Who’s Building These Systems And Where Are They Being Used?

Several companies are already rolling out this technology, with Germany’s AP Sensing and the Netherlands-based Optics11 leading the charge.

AP Sensing’s solution uses Distributed Fibre Optic Sensing (DFOS) to monitor telecoms cables, power lines and gas pipelines. The company says its system can provide real-time alerts and pinpoint exactly where a disturbance is occurring, even differentiating between routine vessel traffic and potential intrusions.

Although AP Sensing has confirmed that its systems are in place on some cable routes in the North Sea, it has not disclosed specific locations for security reasons. However, the Baltic is a clear focus area for future deployments.

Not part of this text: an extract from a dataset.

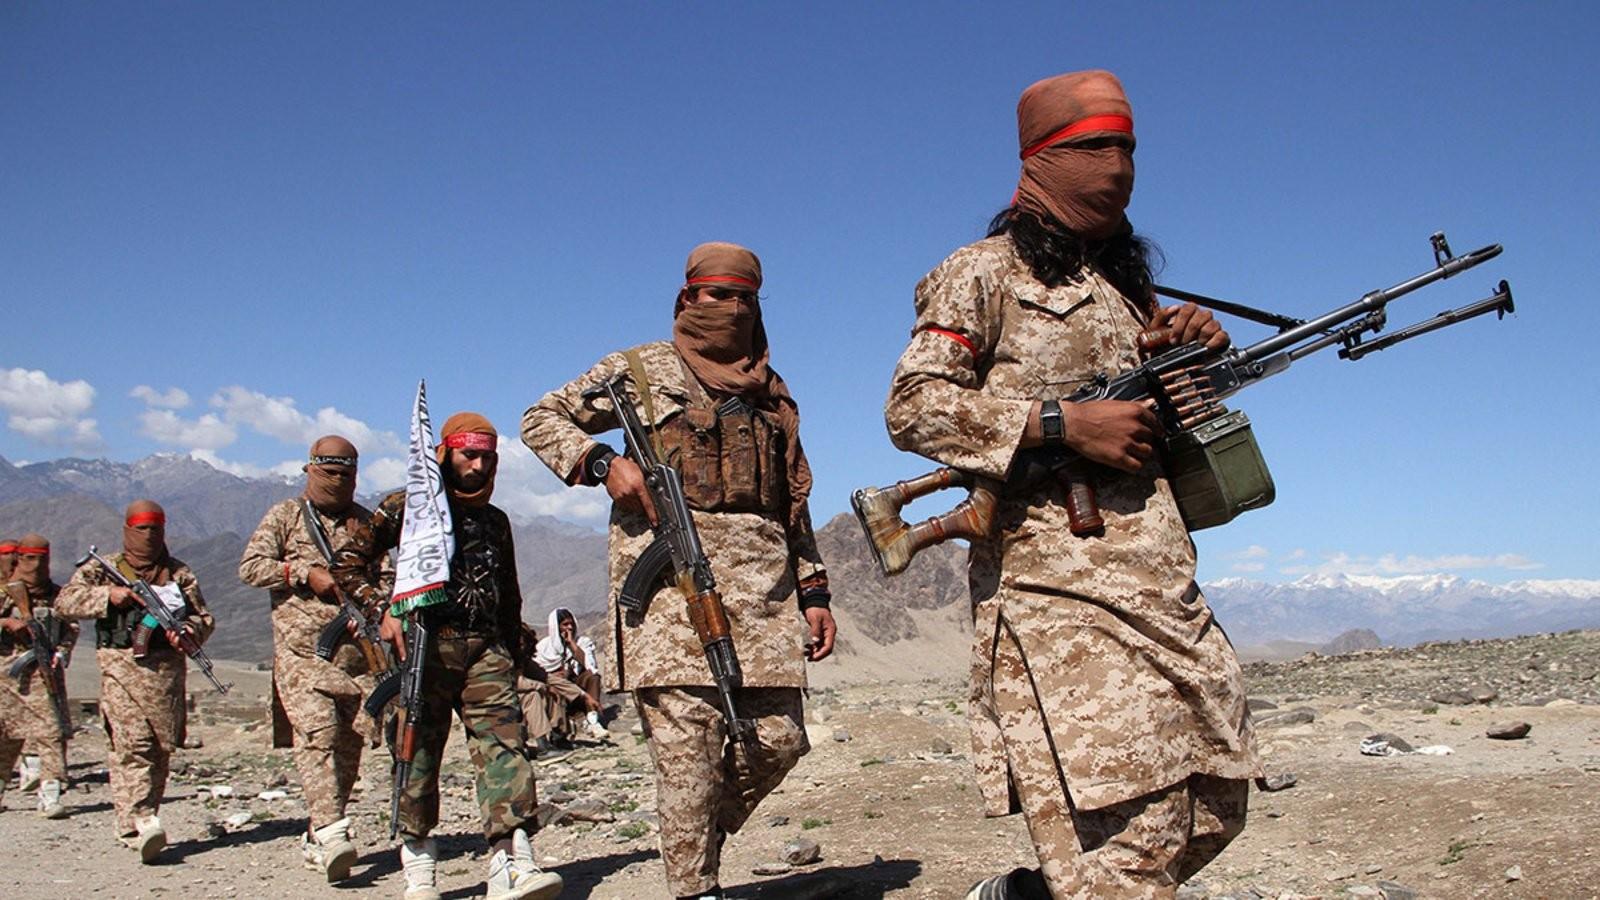 तालिबानहरु अफगान सरकारसँग वर्ताका लागि तयार

Optics11 is developing systems that can be laid independently of the main cables. The company says these could act as early-warning sensors in strategic zones, e.g. 100km from a critical port or around key gas pipelines.

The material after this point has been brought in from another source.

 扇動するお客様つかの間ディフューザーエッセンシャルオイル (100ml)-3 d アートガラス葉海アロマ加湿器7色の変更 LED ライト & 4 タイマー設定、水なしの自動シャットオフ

How The Sensors Are Deployed

Both AP Sensing and Optics11 say that these sensor systems can be deployed without laying new cables. Instead, they rely on something called “dark fibre” which are unused strands within existing fibre optic cables that were installed for future capacity. These dormant fibres can be activated and connected to specialist monitoring equipment on land, turning them into sensing lines without disturbing the cable itself.

If no dark fibre is available, the system can (sometimes) use spare channels on active fibres. In either case, the main undersea cables stay where they are, i.e. there’s no need to slide anything new into the seabed. It’s the light signals running through the fibre that are doing the ‘listening’.

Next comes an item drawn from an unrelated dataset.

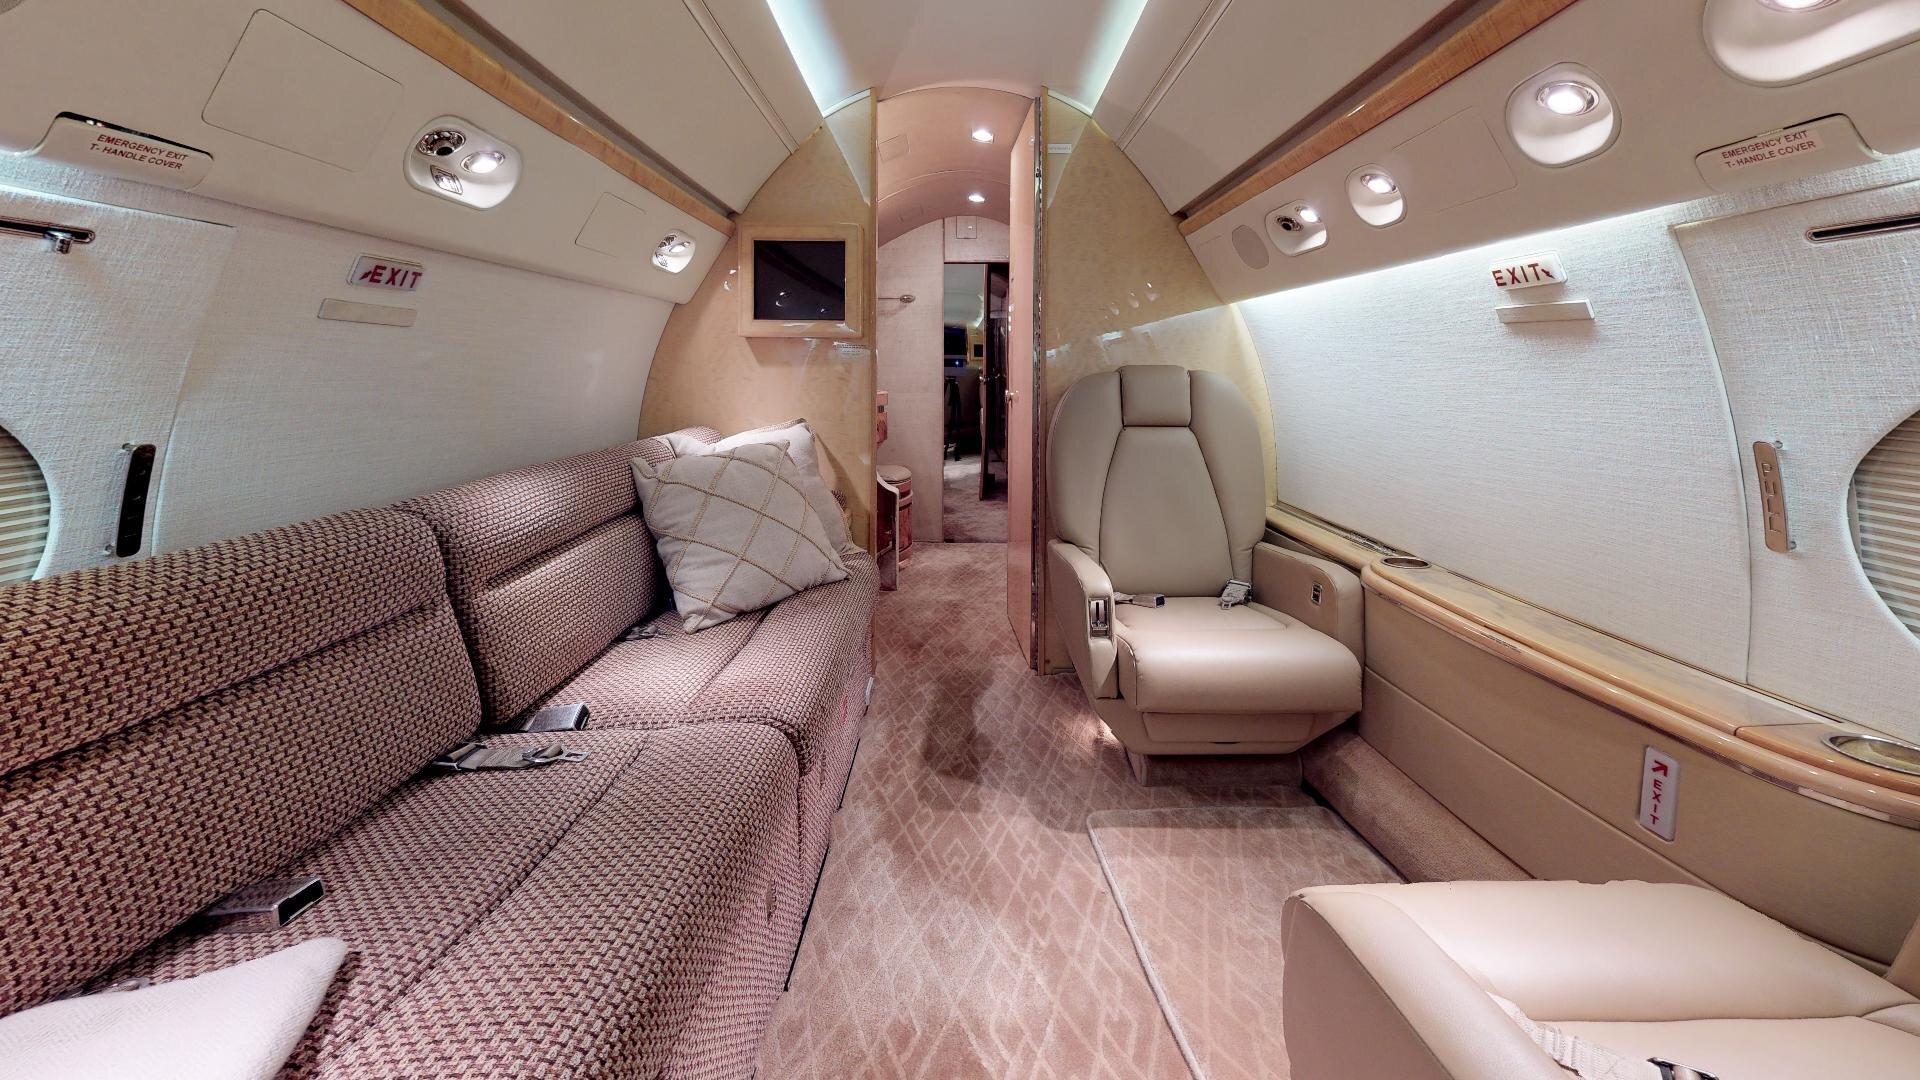 Gulfstream-V-SN-518-Photo-4.jpg

A New Line of Defence – But It Has Limits

While the technology appears to be powerful, it isn’t perfect. For example, one of the key limitations is range. In most cases, disturbances must occur within a few hundred metres of the fibre to be reliably detected, so interrogators (the specialist devices that analyse the signals) must be installed roughly every 100km to keep the system functioning. This, unfortunately, makes full coverage expensive, especially across long distances or in deep water.

Another challenge is what happens after a disturbance is detected. For example, detecting a diver or anchor is useful but without a rapid response capability, there’s still a risk of damage before any intervention can take place.

Also, even the most physically robust cables are not immune. According to Swedish cable manufacturer Hexatronic, although lines are reinforced with metal armouring and thick protective layers, even these can be severed by a deliberate dragging of a ship’s anchor, especially at shallow depths.

Why the Baltic Sea Is Europe’s Top Priority Right Now

The Baltic region has become a focal point for infrastructure protection, and not by coincidence. For example, its shallow waters, heavy commercial traffic and its strategic proximity to Russia all make the area particularly vulnerable. Many of the recent cable damage incidents (and subsequent investigations) have occurred here, prompting coordinated action. In response, the European Commission has laid out a wide-ranging plan that includes:

– Mapping all subsea cables across EU waters by the end of 2025.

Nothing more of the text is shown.